Work item => All lines in the records below from the line with "Couple in red" through the line with "Portugal. Roman Temple" are to be given again exactly, both ends included; the pictures are to be left out.

Extracted records =>
►
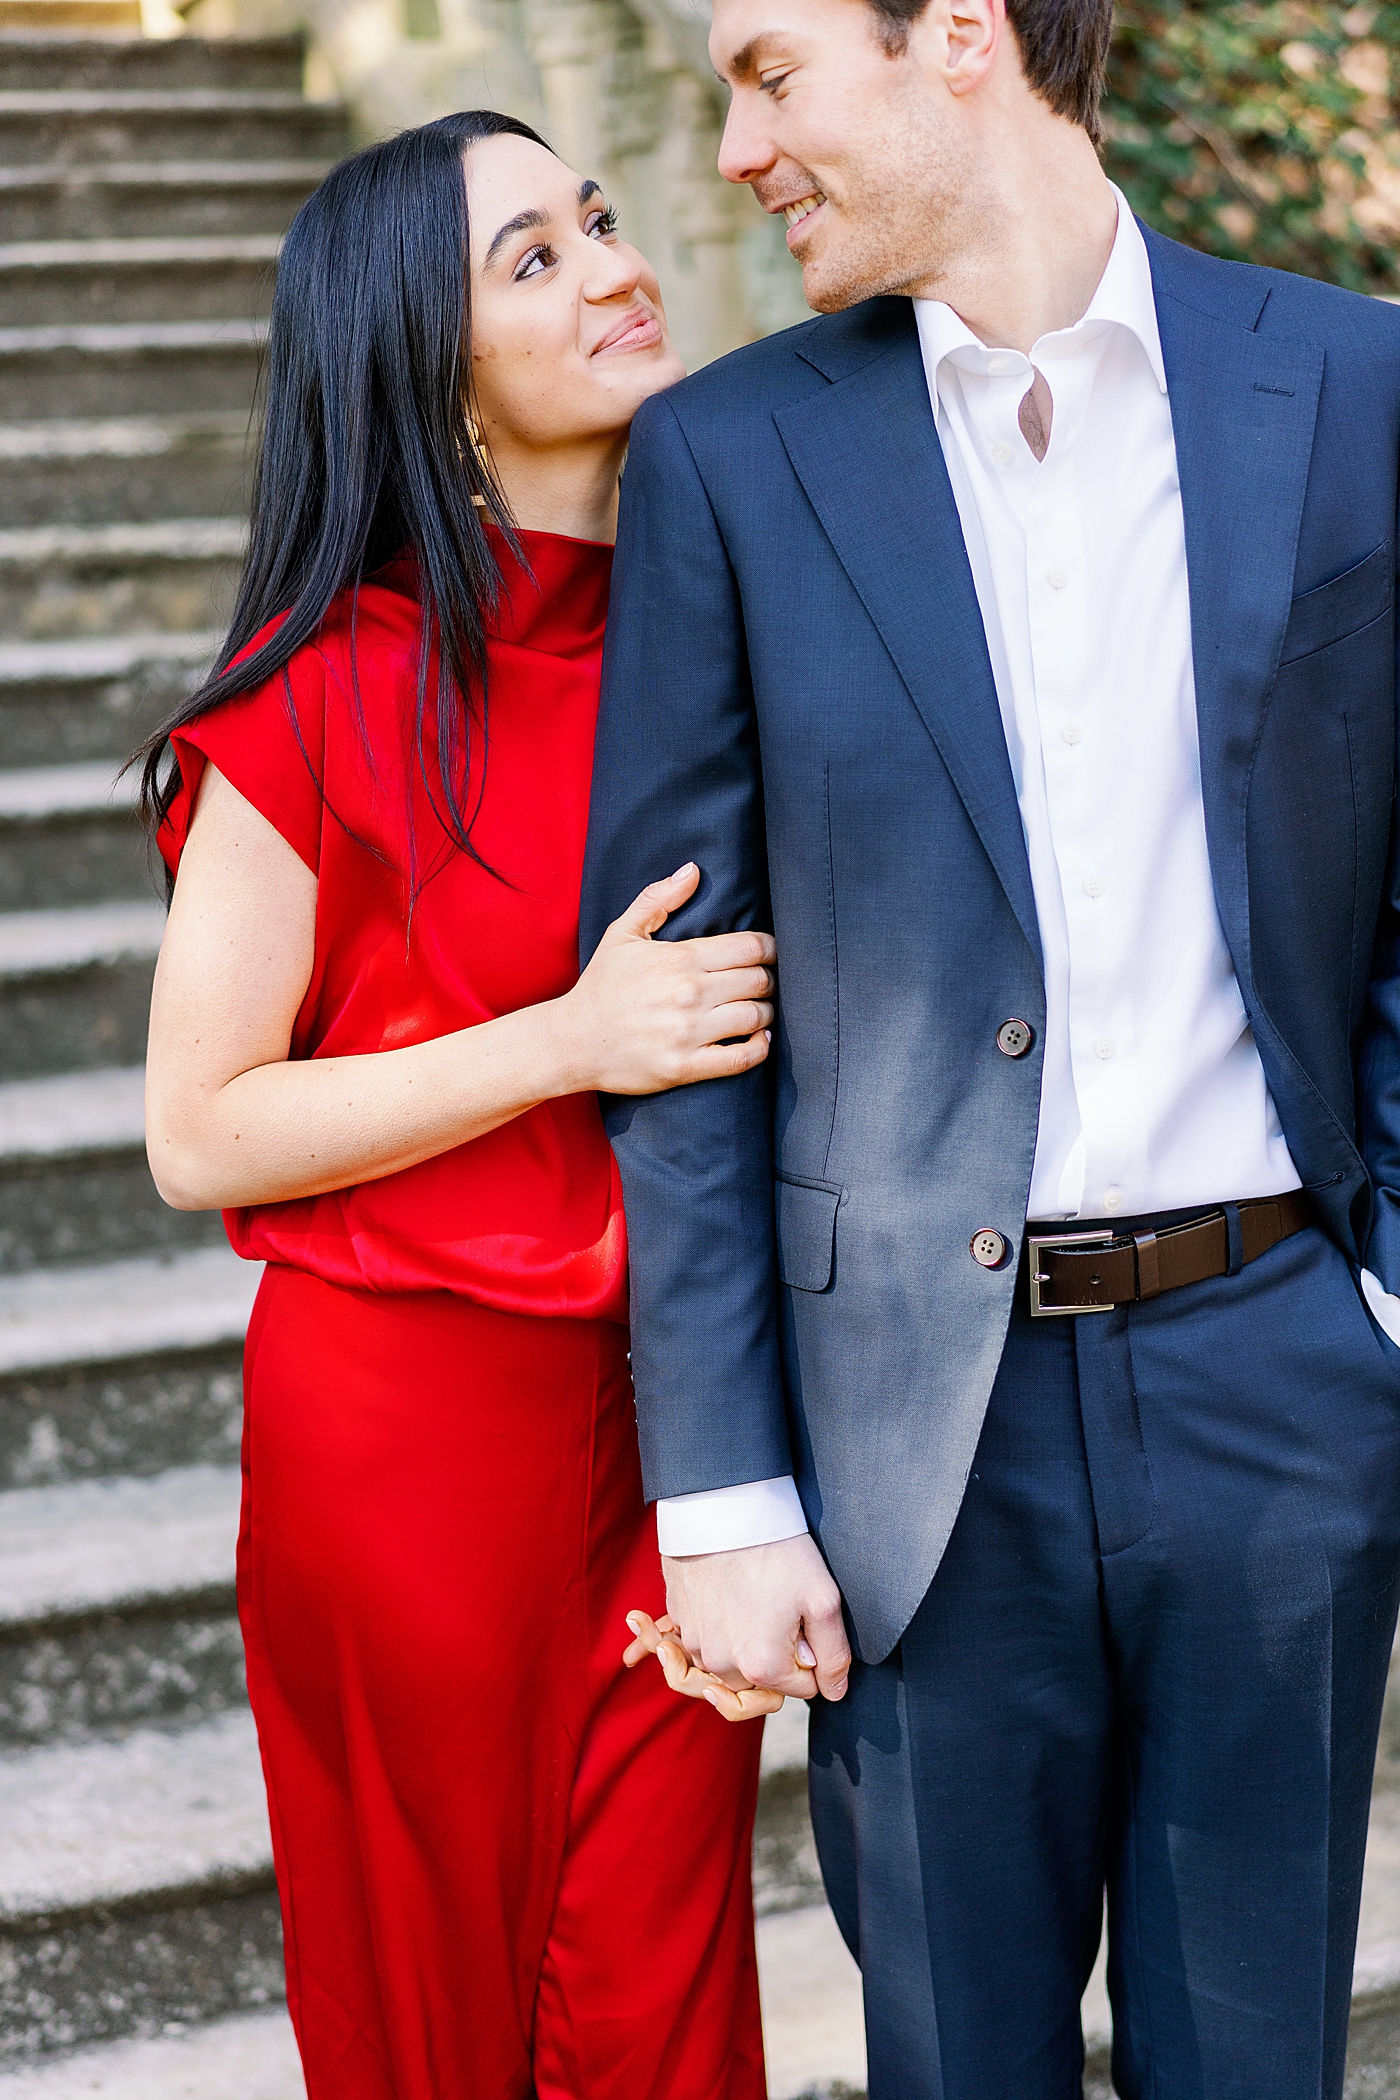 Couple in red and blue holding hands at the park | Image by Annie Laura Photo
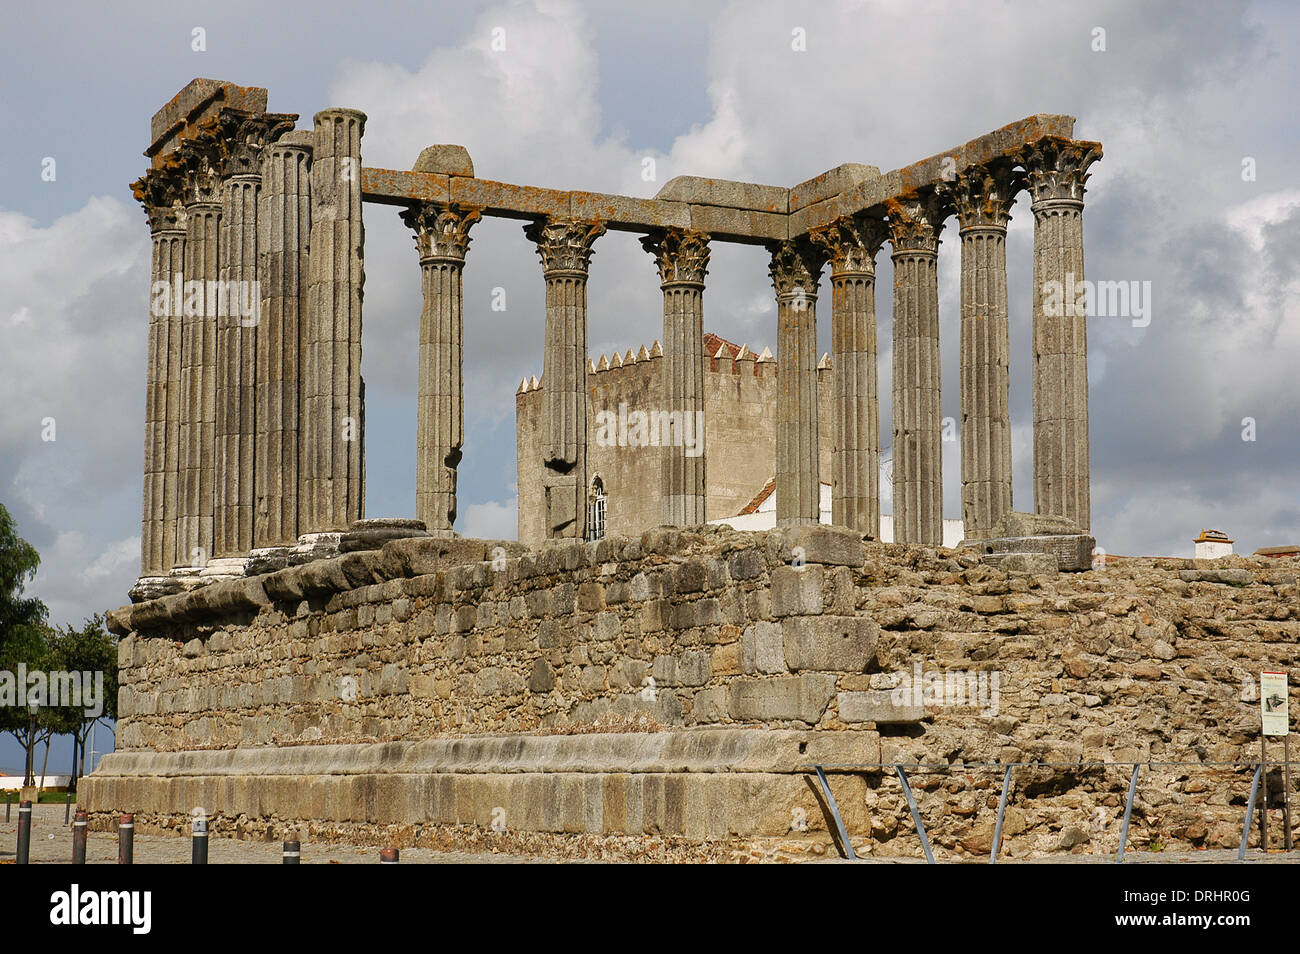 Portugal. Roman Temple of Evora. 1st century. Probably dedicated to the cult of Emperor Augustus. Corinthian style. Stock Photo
◄
►
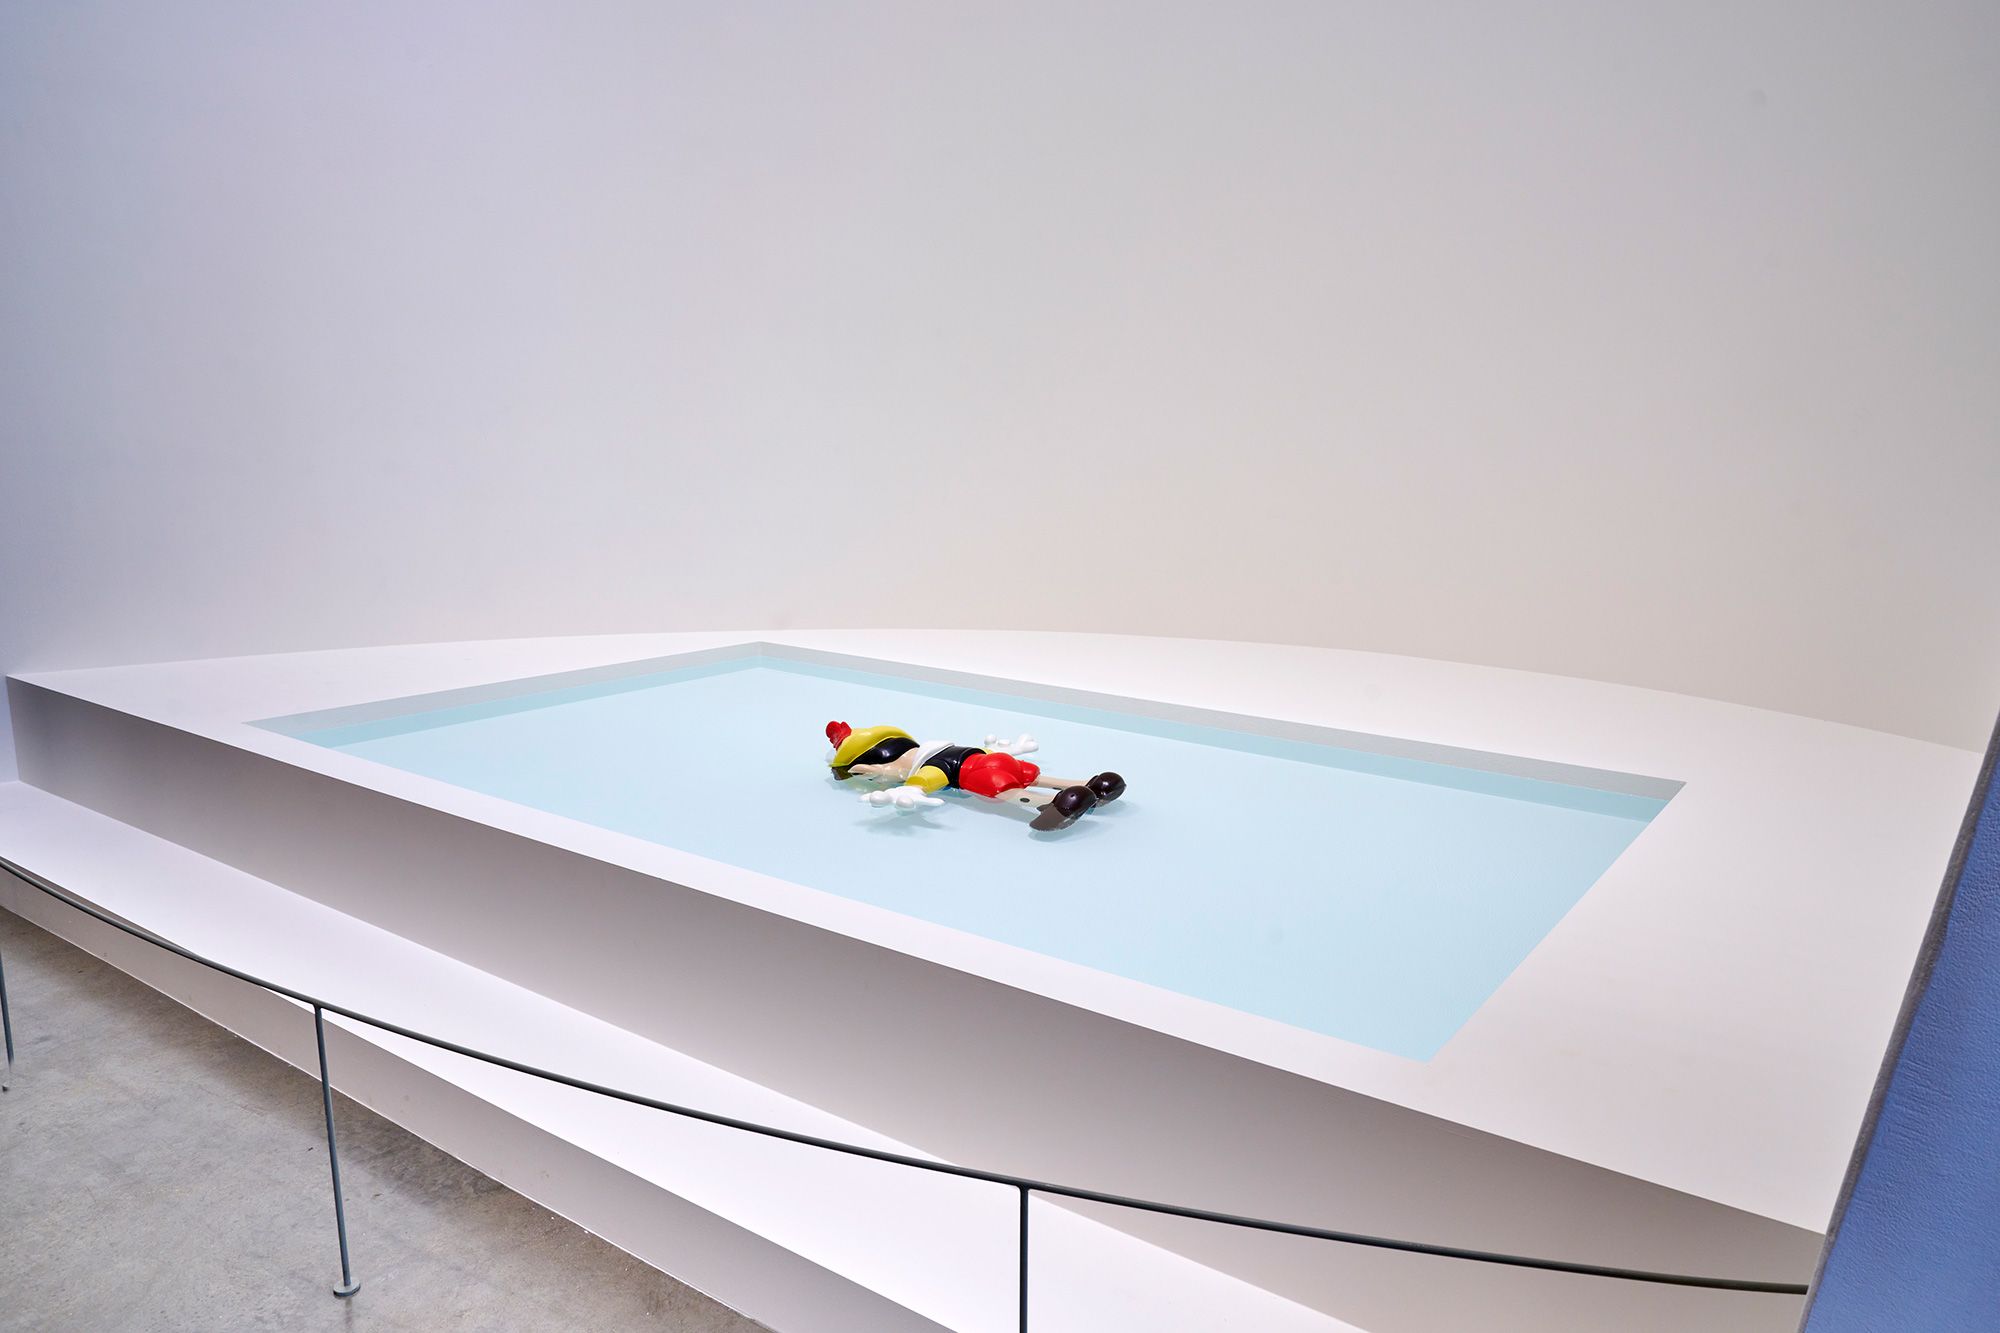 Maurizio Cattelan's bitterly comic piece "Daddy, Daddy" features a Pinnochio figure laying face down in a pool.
◄
►
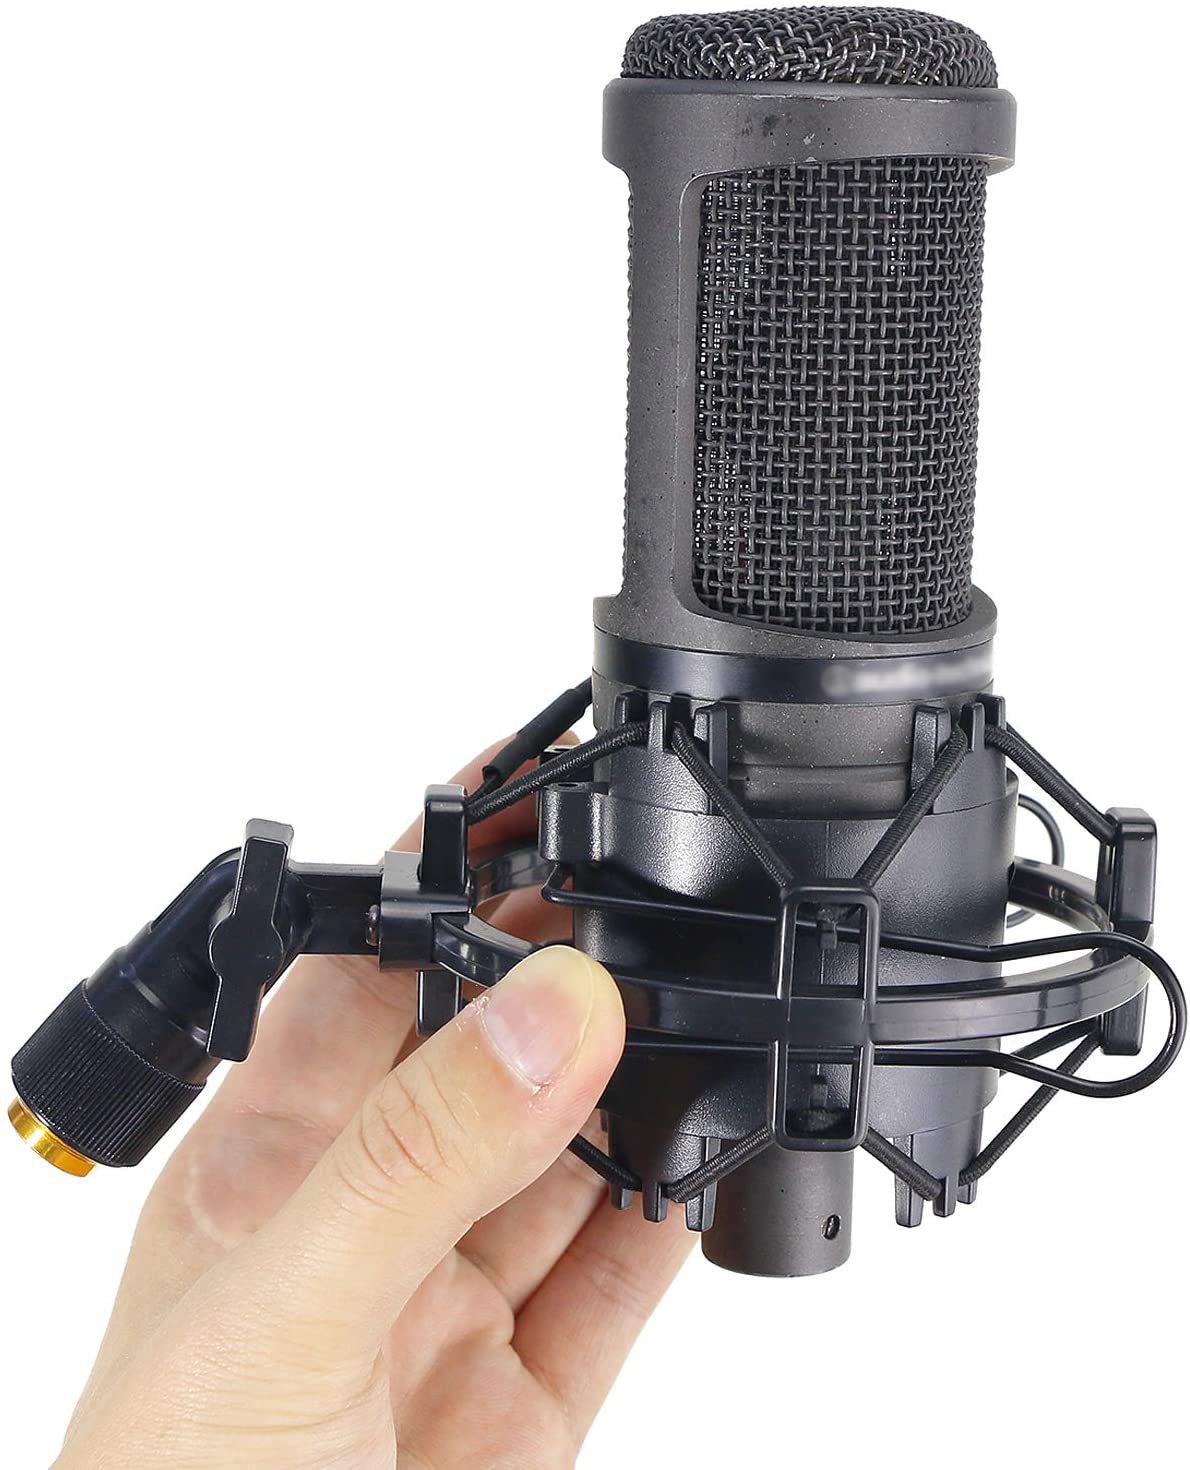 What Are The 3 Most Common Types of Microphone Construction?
◄
The completed task =>
 Couple in red and blue holding hands at the park | Image by Annie Laura Photo
 Portugal. Roman Temple of Evora. 1st century. Probably dedicated to the cult of Emperor Augustus. Corinthian style. Stock Photo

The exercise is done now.